Technical discussions

Analysis of the functionalities and architecture

  • Registration of the user. Including the form where to provide information about the user's institution, field of research and the purposes of his/her activity in EGI resources.
    • The request must be approved by authorized users.
  • User registry. The UMP will be a registry of the users who are accessing, or accessed, EGI through the long tail of science platform.
  • User authentication
    • UMP must support a catch all IdP for the homeless users (use of EGI SSO?)
    • Consider in the UMP the possibility to integrate external IdPs.
    • The other services of the long tail of science platform should get hthe user information from the UMP. This will ensure that users are associated to uniform identifiers assigned only by the UMP to facilitate accounting and authorization.

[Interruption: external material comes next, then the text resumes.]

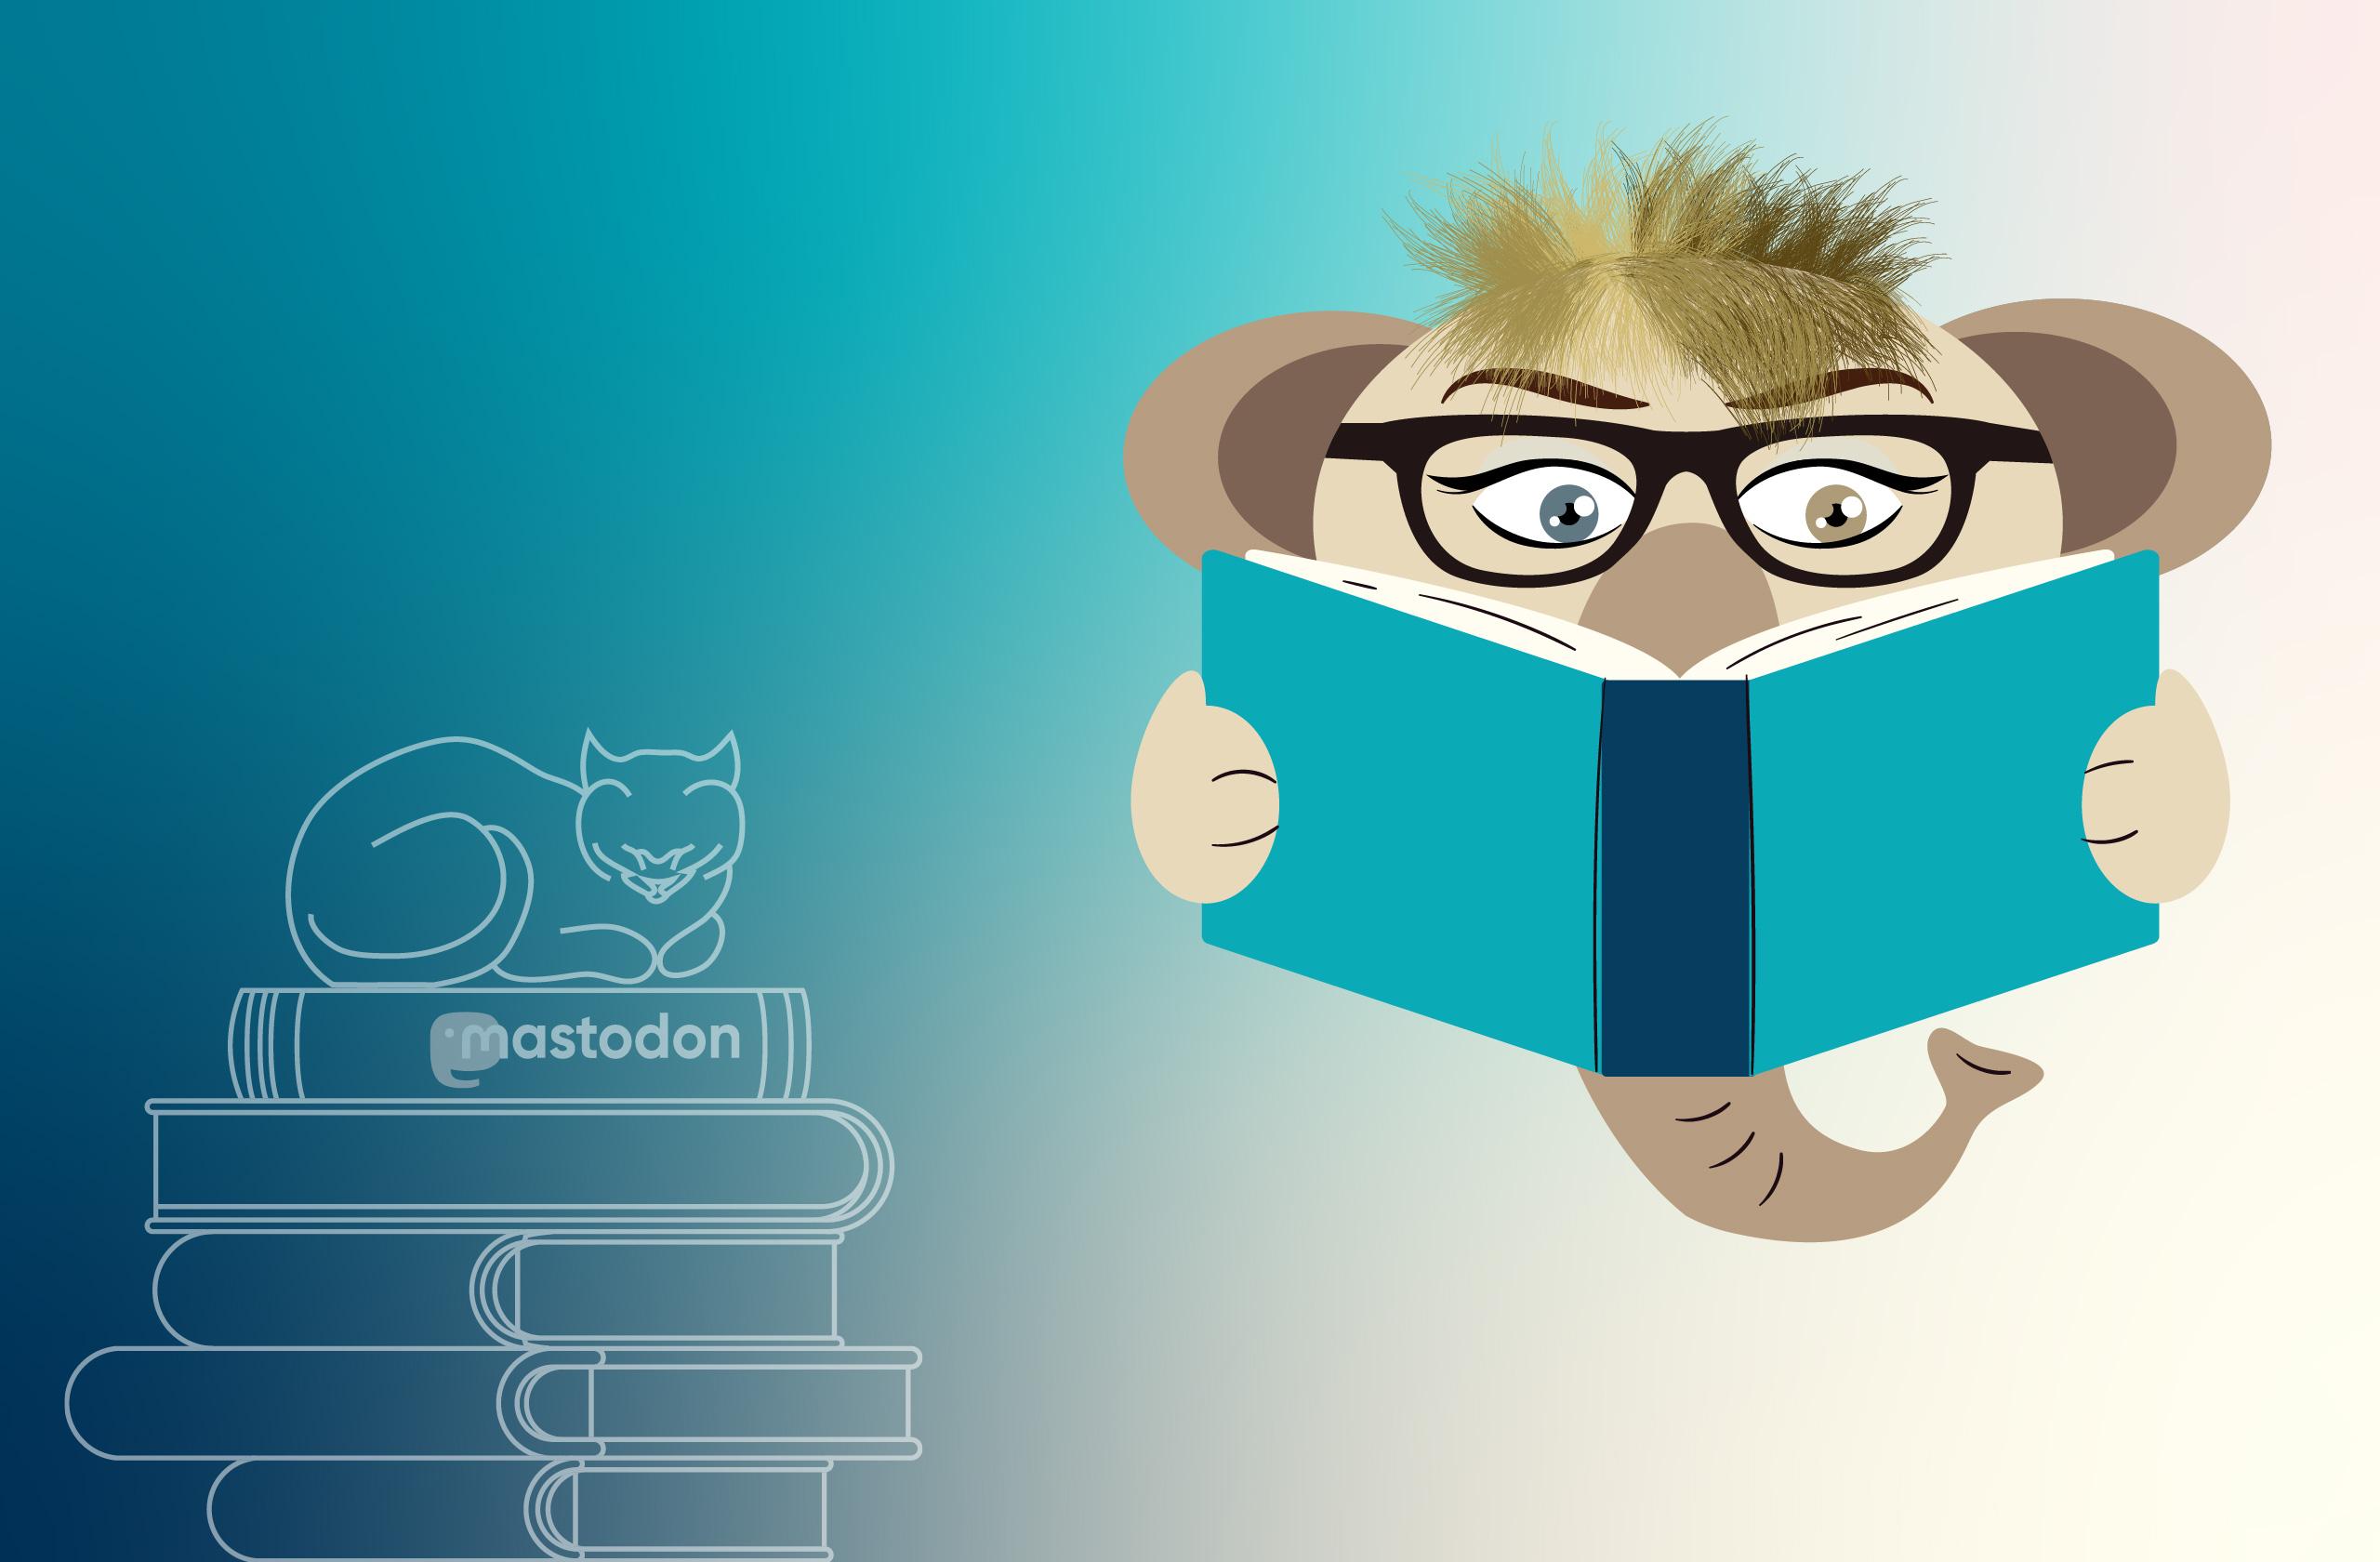 links: Bücherstapel mit Katze, rechts: Mastodon mit Brille und Buch vor dem Rüssel

As shown in the following figure, the UMP must act as a service proxy, between science gateways and the identity providers, being them EGI SSO or other IdP (e.g. eduGAIN federations). In this way UMP can control the access to the infrastructure for the long tail of science users. UMP acts as unique IdP for the science gateways.

This architecture also allows the UMP to be the service provider that needs to be authorized by the IdPs.

User Management Portal Architecture

Once the users' request is authorized on the User Management Portal, they are redirected to one or several science gateways where they can run their computational tasks or manage their data on the grid. A possible workflow to access resources could be the following:

  1. User accesses the Scienge Gateway (SG).
  2. The SG redirect the request to the UMP.
  3. The UMP redirect the request to the IdP that holds the credentials of the user (e.g. EGI SSO).
  4. The User authenticate on his/her IdP.
  5. The IdP provides the assertion with some attributes about the user to the UMP (e.g. the user email address).
  6. The UMP answers to the SG adding more attributes including the Unique Identifier that identifies the user in the UMP registry, and that is unique for every user using the LTOS platform.
  7. The SG uses the UID to ask a credentials that can be univocally associated to the individual user.
  8. The credential is used to access EGI resources.


User Management Portal workflow


Credential services

The user credential service will be based on the per-user sub-proxies (PUSP).

The purpose of a per-user sub-proxy (PUSP) is to allow identification of the individual users that operate using a common robot certificate. A common example is where a web portal (e.g., a scientific gateway) somehow identifies its user and wishes to authenticate as that user when interacting with EGI resources. This is achieved by creating a proxy credential from the robot credential with the proxy certificate containing user-identifying information in its additional proxy CN field. The user-identifying information may be pseudo-anonymised where only the portal knows the actual mapping.

This solution will allow LToS users to access EGI resources through their LToS portal credentials (e.g. EGI SSO, Identity Federations, etc.) without owning a personal grid certificate. This will simplify the access to the infrastructure for the final users.

See the per-user sub-proxies (PUSP) wiki page for more information.


Scientific gateways

The following providers expressed interest in providing science gateways in the long-tail platform: WS-PGRADE, DIRAC, Catania Science Gateway Framework, QosCosGrid gateway. The platform is open for other gateway/VRE providers.